Materials and methods
Study population and biopsy sampling
The study investigated 76 patients (mean age 37.72 ± 3.8 years) with well-monitored natural mock cycles and 58 patients (mean age 36.5 ± 4.6 years) receiving a hormone replacement therapy (HRT) in mock cycles. A total of 152 endometrial biopsies were mainly obtained on ovulation (OV) days OV + 5 and OV + 10 from individuals in the natural cycle, and 116 biopsies were collected on progesterone (P) days P + 5 and P + 10 from patients in the HRT cycle, corresponding to days 19 and 24 of the menstrual cycle. A Pipelle endometrial suction curette (Gynemed GmbH, Lensahn, Germany) was used for sampling. For the current transformation analysis, endometrial biopsies were taken at OV/P + 5 and OV/P + 10; also, depending on individual clinical management, between OV + 4 and OV + 11. The biopsies were to be a minimum of 5 mm and a maximum of 10 mm in size. Biopsies were taken from different areas—for example, once from the posterior wall and once from the anterior wall of the uterine cavity—to avoid taking biopsies twice from the same area within the interval of 5 days. HRT was administered on the basis of the standard Kaufmann protocol [32], including estrogen and also progesterone administration. The patients’ clinical investigations did not reveal any pathological results, and they had adequate ovulation, optimal hormone levels in the peripheral blood, and typical transformation of the endometrium with a triple-line pattern as detected on ultrasound. Patients with abnormal uterine cavities on sonohysterography, unilateral, or bilateral hydrosalpinx, and endometrium ≤ 6 mm were excluded from the study.
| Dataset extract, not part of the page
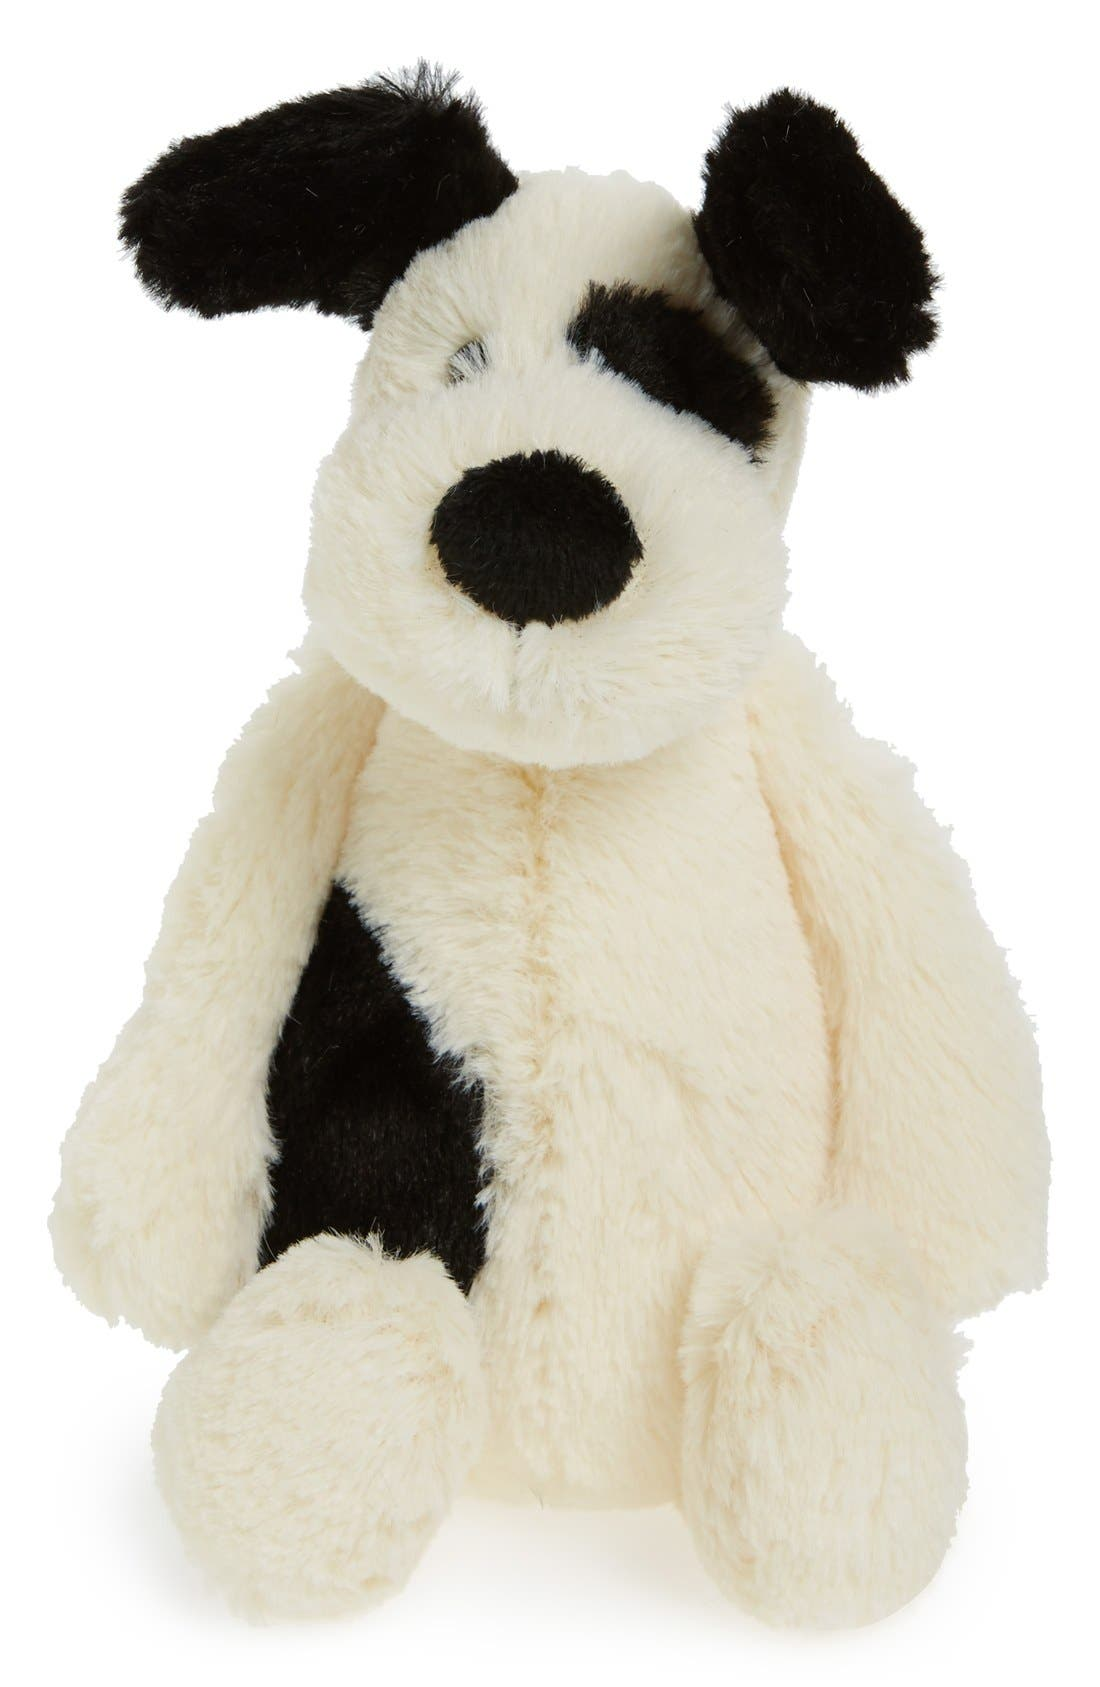 Alternate Image 1 Selected - Jellycat 'Small Bashful Puppy' Stuffed Animal

The approval for the study was obtained from the ethics committee of the Medical Faculty of Friedrich–Alexander University of Erlangen–Nürnberg.
Endometrial dating method
The method used assigned the modified dating analysis, with expression patterns of the hormone receptors and Ki-67, to each histomorphological appearance on cycle days 16–24 [31]. The endometrial biopsies were analyzed in accordance with previously published criteria [15, 33]. Various parameters were taken into consideration to perform endometrial dating, including menstrual cycle days, histological dating criteria based on the Noyes protocol [30], and the immunohistochemical expression pattern of the estrogen receptor, progesterone receptor, and proliferation marker Ki-67 in all 268 biopsies.The receptor analyses focused on glandular epithelium in the stratum functionale of the complete endometrium biopsy. The biopsies were analyzed and classified at interval steps of 5%. Counting was also done for results with less than 5% of stained nuclei. Ki-67 analysis was also done on the glands of the stratum functionale. Stromal cells were analyzed by counting 300 stromal cells in three representative fields.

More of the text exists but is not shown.